▶ What needs to be done
Copy exactly and only the lines running from the one that contains "Amy enjoying the" to the final line of the data below, without the pictures.
[Data below Boundary: Start]
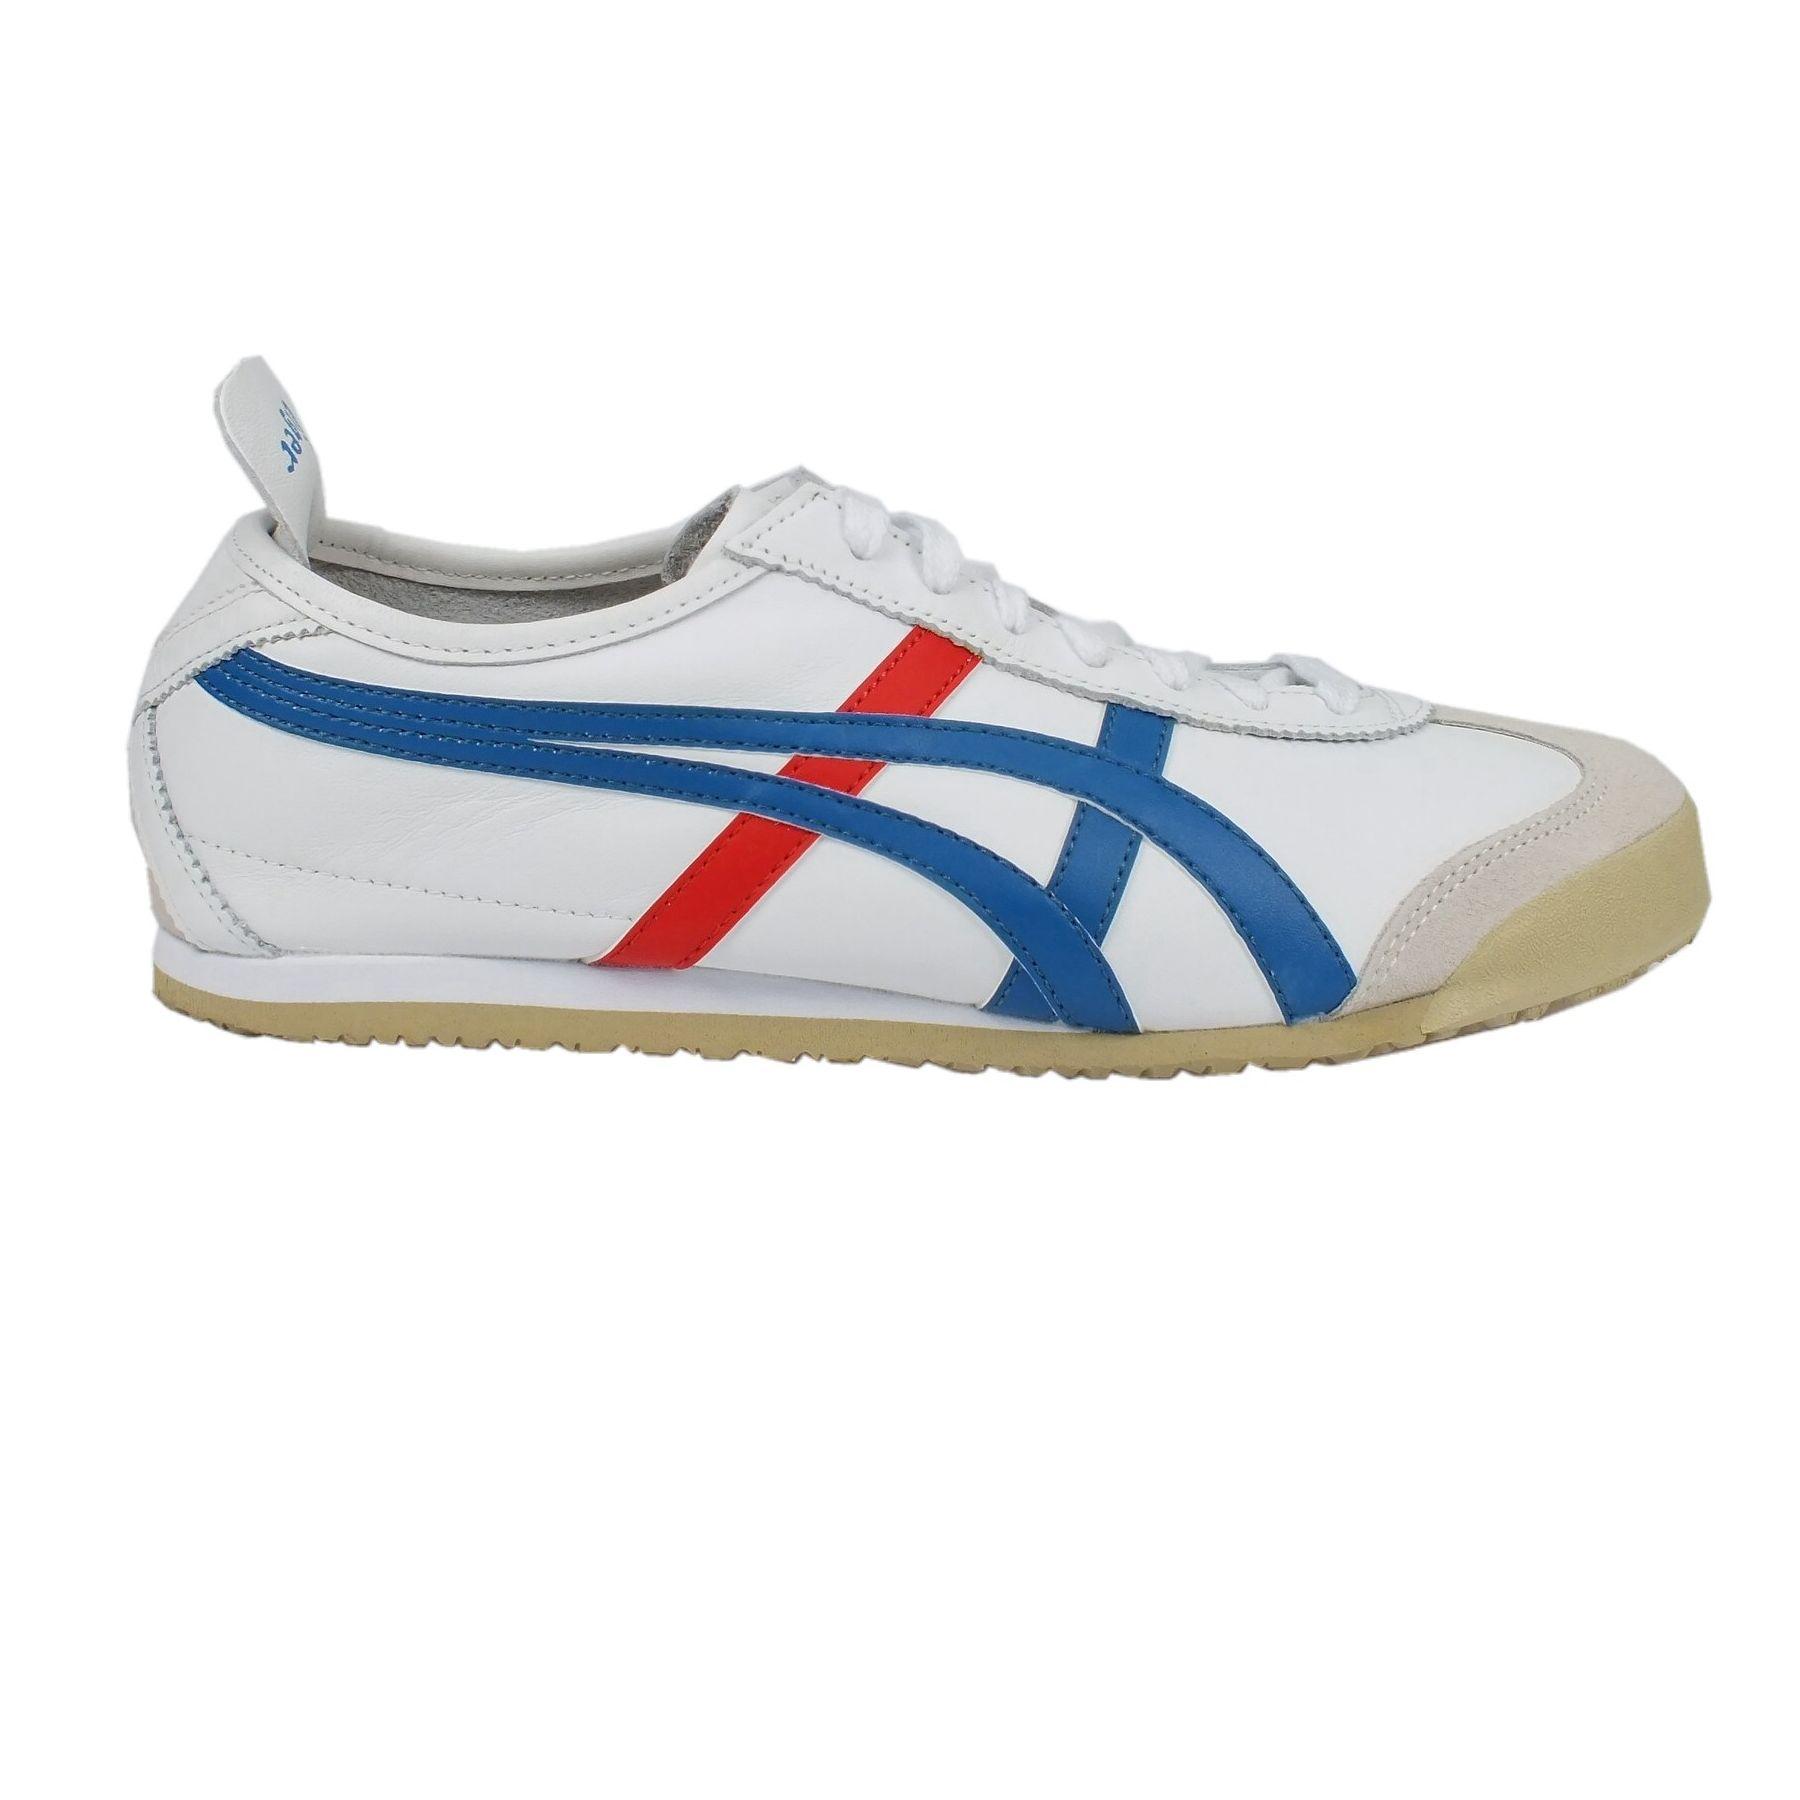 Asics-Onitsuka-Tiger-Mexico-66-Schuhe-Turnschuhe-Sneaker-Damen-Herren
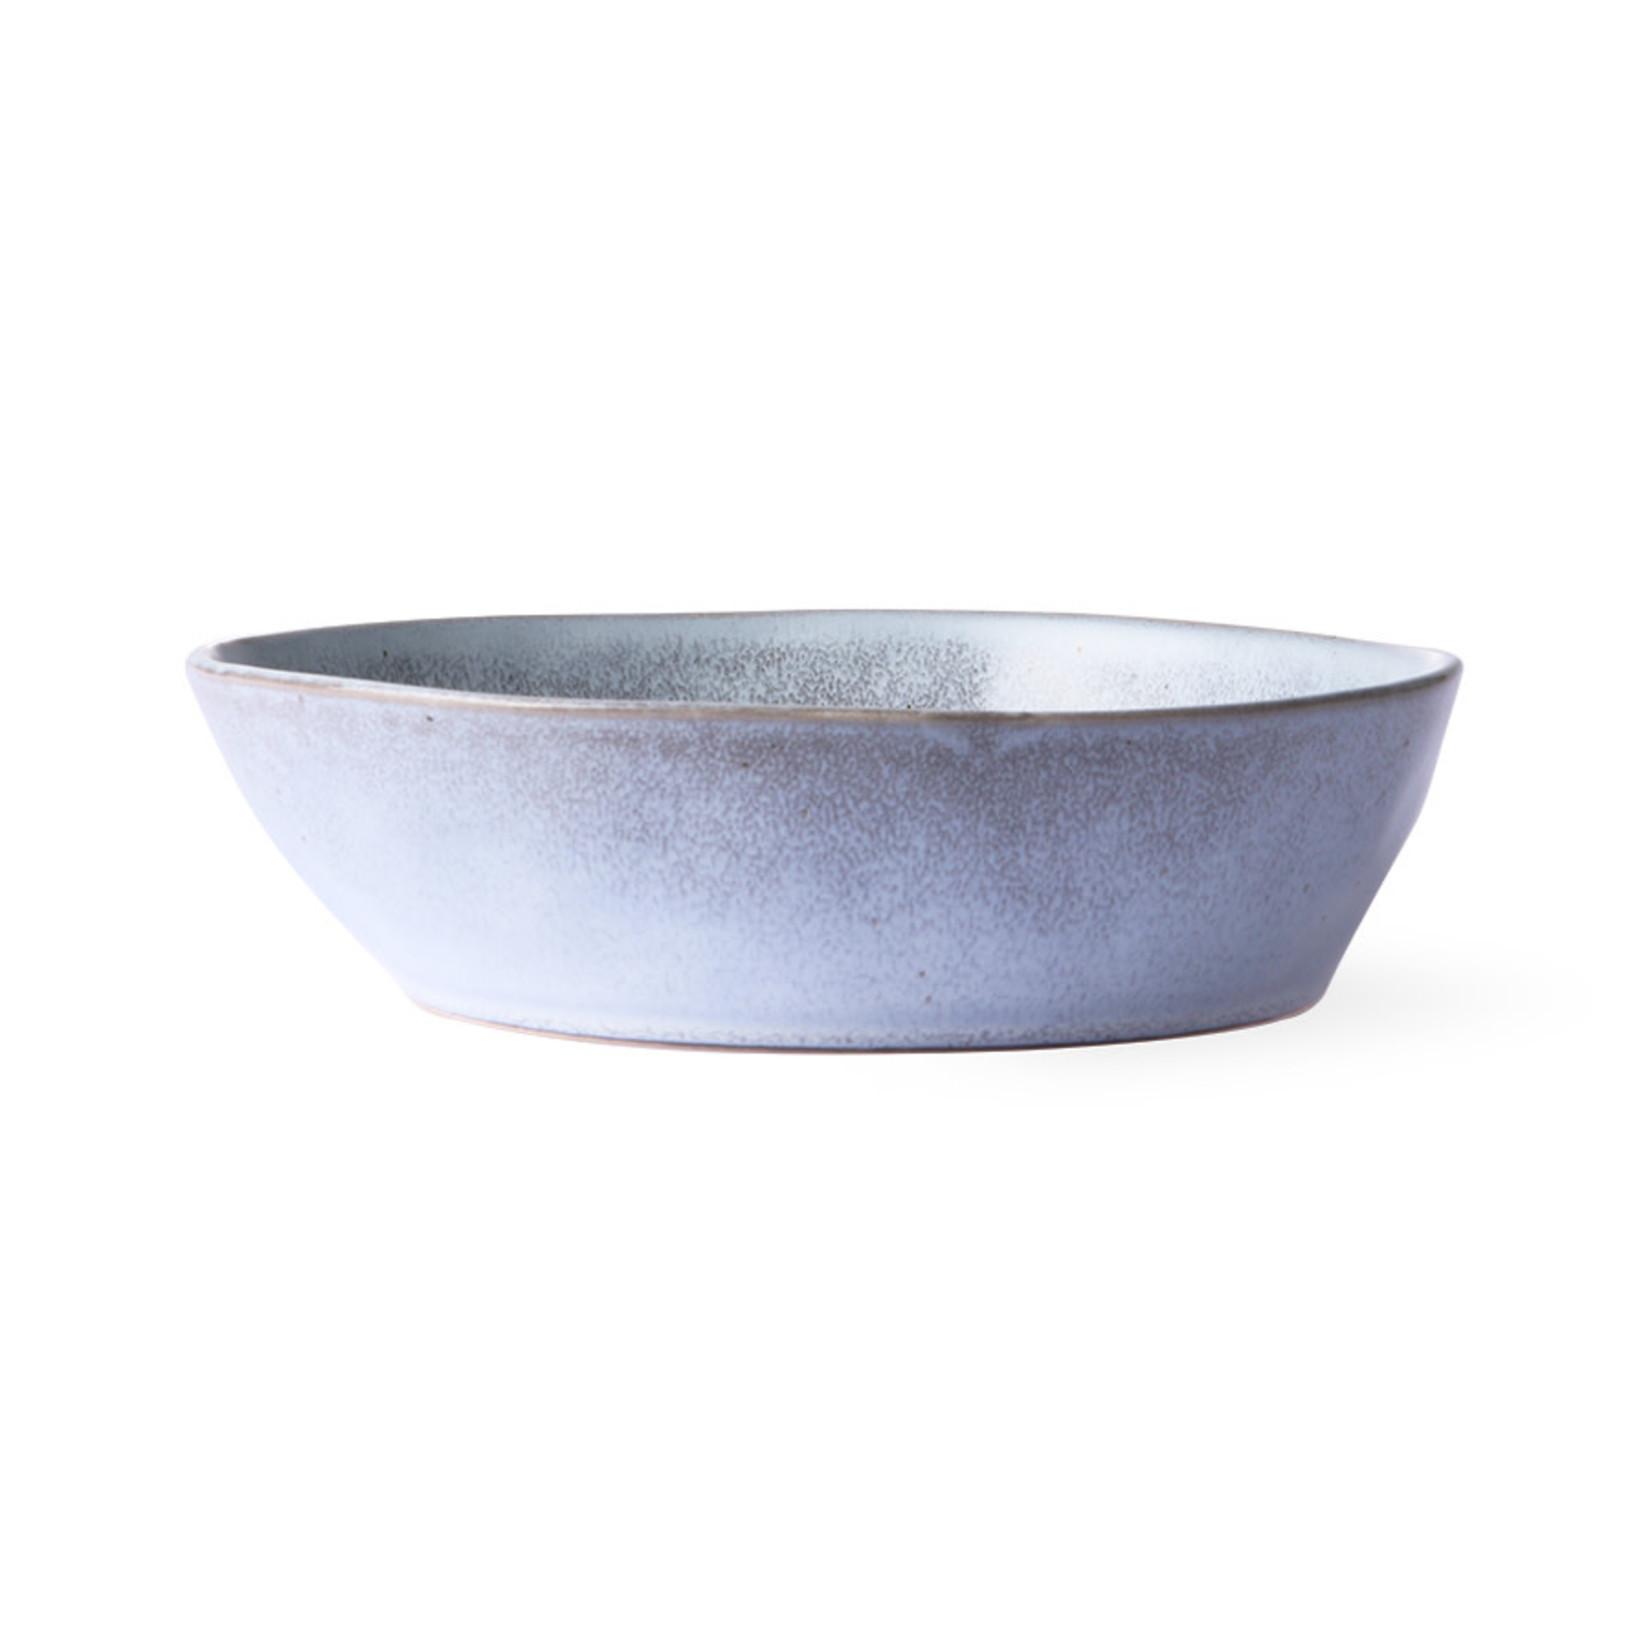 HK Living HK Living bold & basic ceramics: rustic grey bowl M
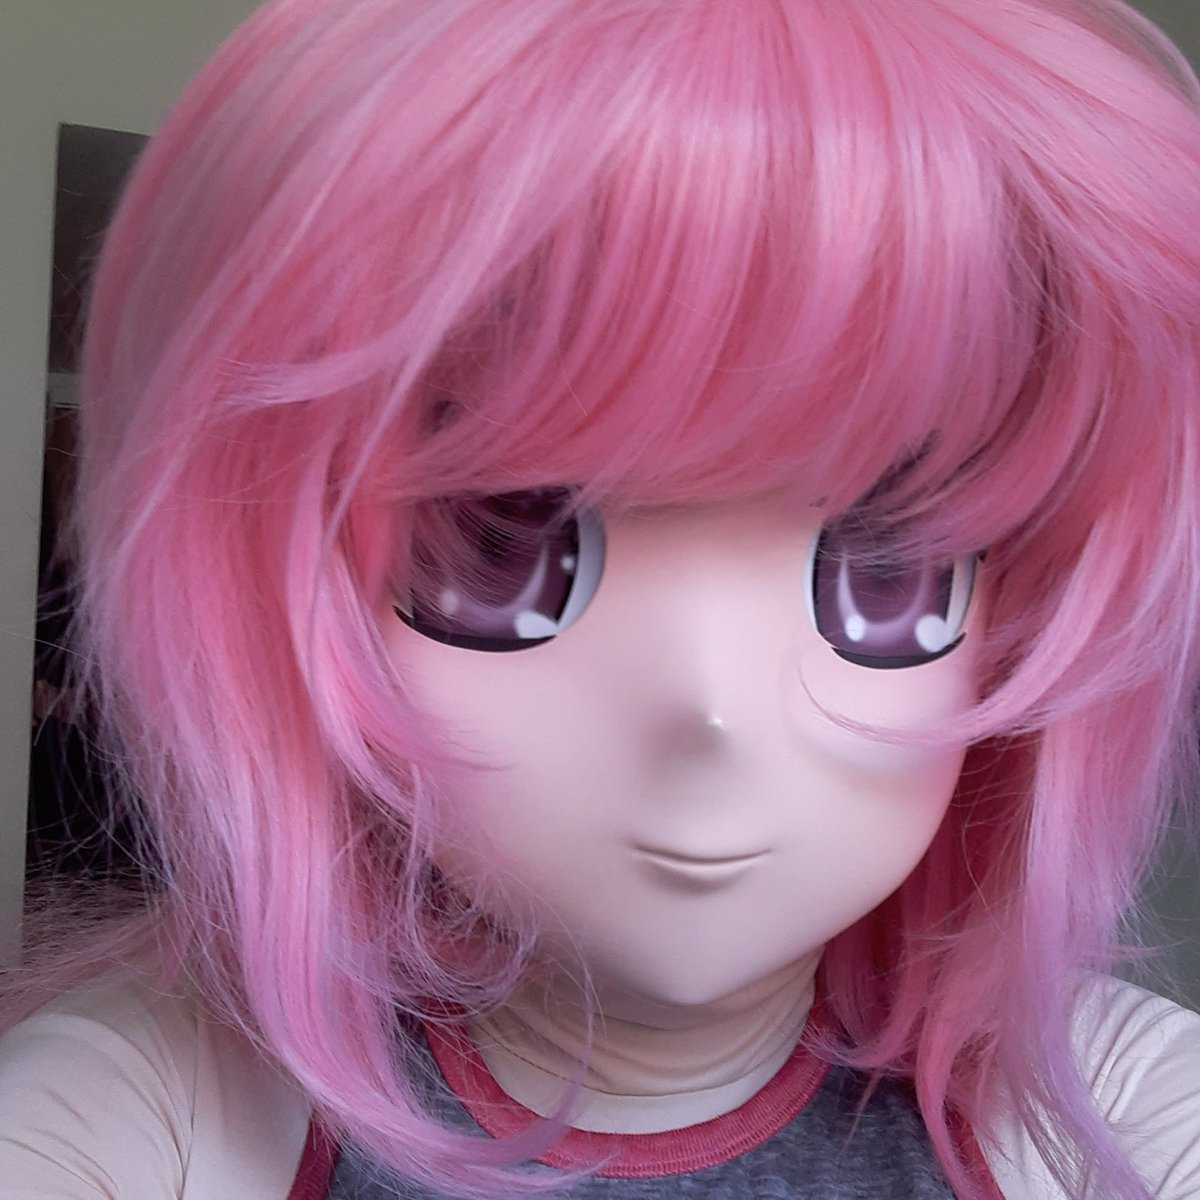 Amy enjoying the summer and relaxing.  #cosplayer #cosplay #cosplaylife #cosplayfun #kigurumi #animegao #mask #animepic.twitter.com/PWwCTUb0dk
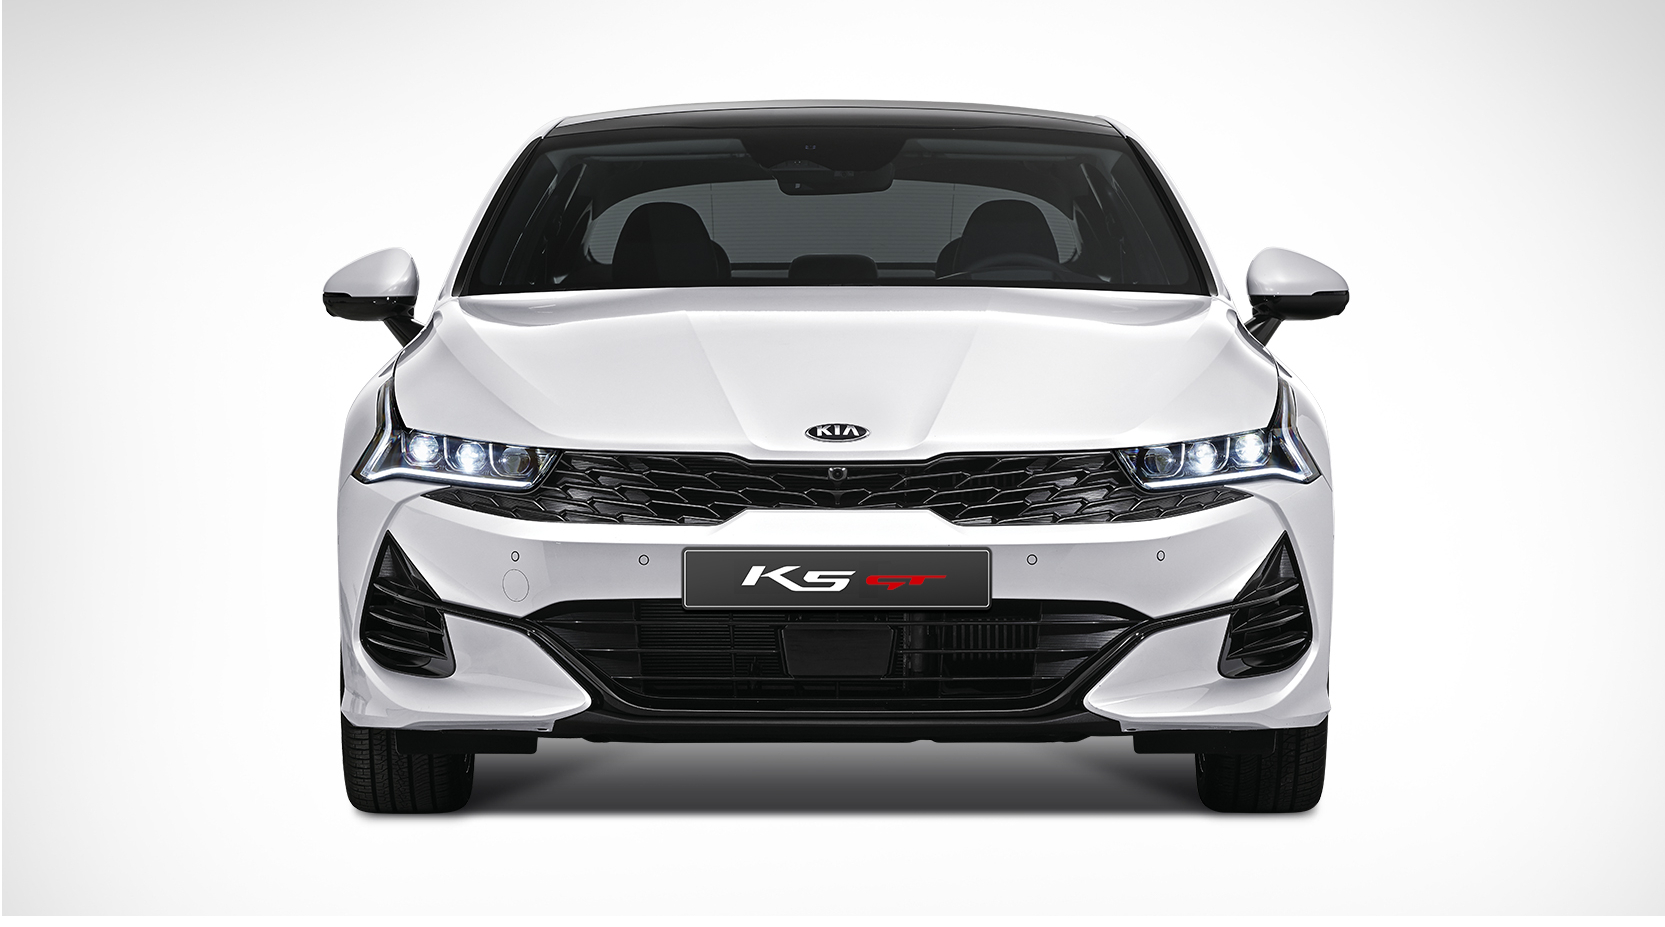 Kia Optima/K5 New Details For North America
[Data below Boundary: End]
▶ Response
 Amy enjoying the summer and relaxing.  #cosplayer #cosplay #cosplaylife #cosplayfun #kigurumi #animegao #mask #animepic.twitter.com/PWwCTUb0dk
 Kia Optima/K5 New Details For North America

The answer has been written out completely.